Image Classification App with EfficientNet
The goal of this project is to classify all the images I had from previous phones, cloud backups etc. The project will be a local web application that acts as a photo album, with EfficientNet/TensorFlow running locally to do image classification. There are 15k images, and I can classify them locally on an RTX 3060 GPU.
This post in the series details the system design. As this was my first project using Cursor, I wanted to specify the system design clearly, and see how much assistance it was able to give with the coding. The below is what I have prompted Cursor.
We are building a local-only web application for image classification with the following components:
1. Docker Setup
The application will use Docker and Docker Compose for containerization, ensuring clear separation of services and ease of deployment. Key points:
- Containers:
- Frontend: React-based container for the user interface.
- Backend: Go-based API container for managing metadata and serving filtered/sorted images.
- Machine Learning: Python-based container for TensorFlow image classification with GPU support.
- Message queue: communication between backend and ML containers
- Volume Mounts:
- A specified directory external to the project containing the images is mounted as read-only for the Go and Python containers.
- A volume is mounted for the SQLite database file, allowing read/write access by the Go container.
- GPU Support:
- The Python ML container uses
nvidia/cuda:12.6.3-cudnn-runtime-ubuntu24.04
as its base image, leveraging GPU acceleration via NVIDIA Container Toolkit.
- The Python ML container uses
2. Frontend (React)
A user-friendly interface with the following features:
- View All Photos: Display all images from the mounted directory.
- Metadata Display: Show metadata (e.g., categories) retrieved from the SQLite database via the backend.
- Sorting and Filtering:
- Sort images by date.
- Filter images by category.
- Album Management:
- Create, update, and delete albums (collections of photos).
- Albums and their associated photos are stored in the database.
3. Backend (Go)
The backend serves as the API for the application, with the following responsibilities:
- Database Management:
- Manage metadata in an SQLite database, including relationships between images, categories, and albums.
- API Endpoints:
- Serve metadata and filtered/sorted image lists to the frontend.
- Support CRUD operations for albums and categories.
- CLI Features:
- Database Migrations: Apply and manage migrations for the SQLite database.
- ML Query: Trigger the Python ML container via the message queue, send image classification tasks, and retrieve classification results to update the database.

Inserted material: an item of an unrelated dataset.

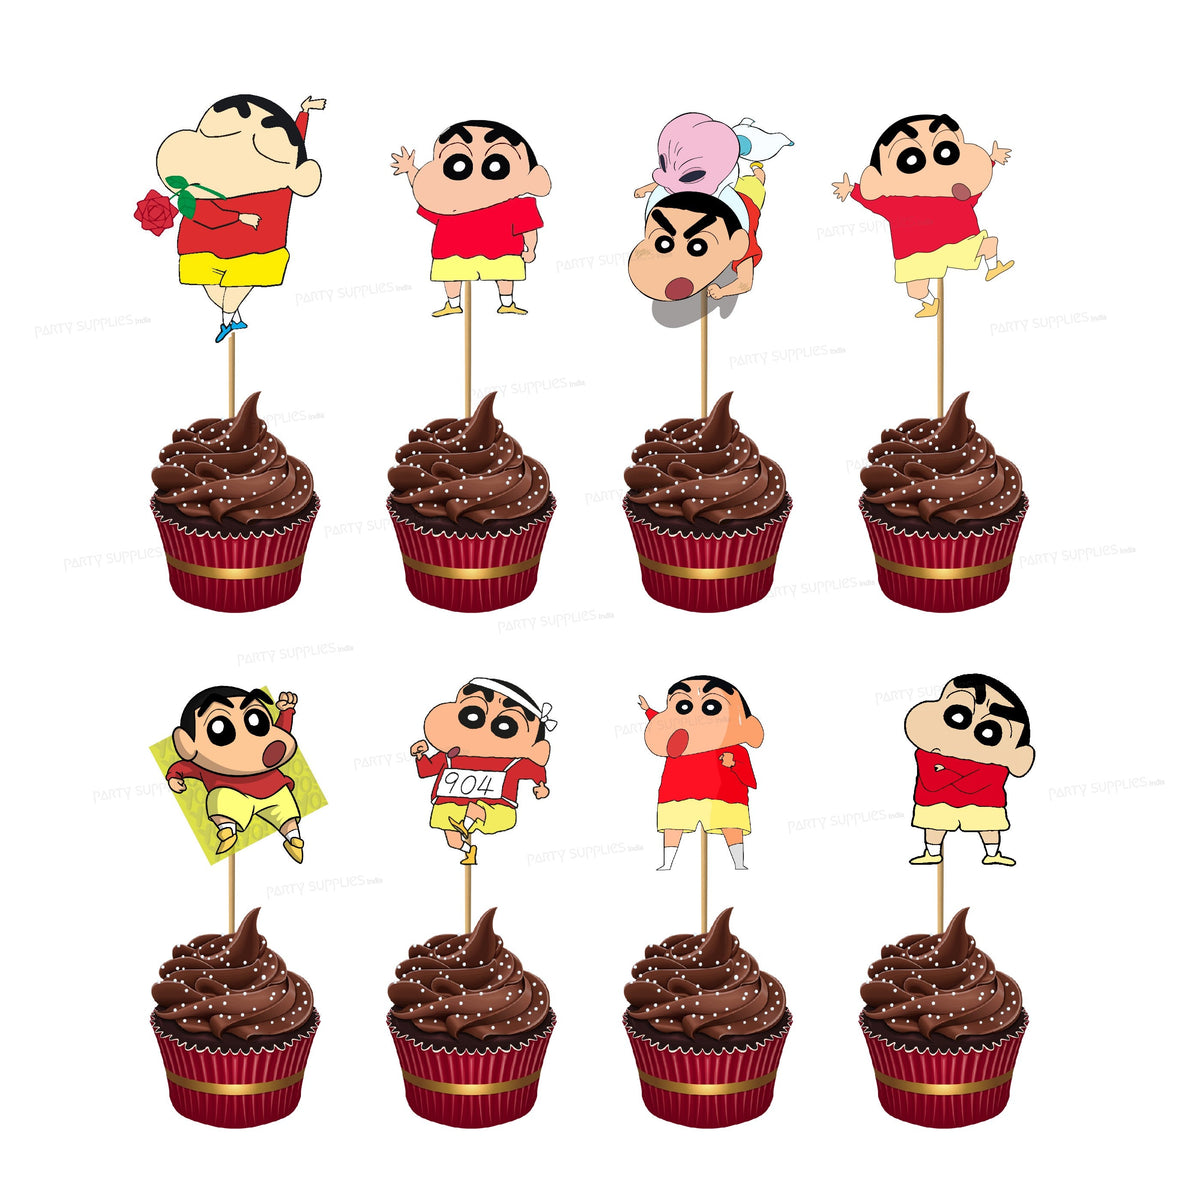 Shinchan Family Cake | Family cake, Cake, Cake designs for kids

4. Machine Learning (Python)
A Python-based service handles image classification using TensorFlow and EfficientNet. Key features:
- Image Classification:
- Listens to a message queue (MQ) for image classification tasks sent by the Go backend.
- Processes a batch of image file paths at a time and applies the specified model.
- Sends the classification results back to the MQ for the Go backend to retrieve and update the database.
- GPU Support:
- The container uses the base image
nvidia/cuda:12.6.3-cudnn-runtime-ubuntu24.04
and TensorFlow’s GPU version.
- The container uses the base image
- Volume Mounts:
- Read-only access to the external image directory.
- No direct database access (handled by the Go backend).
5. Database (SQLite)
The database manages image metadata and application data:
- Tables:
- Images: File paths, timestamps, and other image-related metadata.
- Categories: Many-to-many relationships between images and categories.
- Albums: Collections of images created by users.
- Models: Track the classifiers used for categorising images.
- Data Integrity:
- The database is mounted as a file accessible only by the backend container.
- Excluded from version control to ensure privacy.
6. Message Queue (MQ)
The application will use a message queue to facilitate communication between the Go backend and the Python ML container. Key points:
- Choice of MQ: RabbitMQ is chosen for its reliability and robust support for task queuing.
- Purpose:
- The Go backend sends image classification tasks to the Python container through the MQ.
- The Python container processes the tasks, classifies the images, and sends the results back to the MQ.
- The Go backend retrieves the results from the MQ and persists them in the SQLite database.
- Scalability: This design supports asynchronous processing and can scale to handle large batches of images efficiently.
Workflow
- Image Viewing: The user views all images in the photo directory through the frontend.
- Metadata Management: The backend fetches and serves metadata to the frontend from the SQLite database.
- Image Classification:
- The Go CLI triggers the ML service, passing image paths via the message queue.
- The ML service classifies the images and updates the database with categories.
- Album Management: Users create and manage albums through the frontend, with changes reflected in the database.
Goals
- Local-only deployment for privacy and security.
- Scalability to handle ~15,000 images.
- GPU-accelerated classification for efficient batch processing.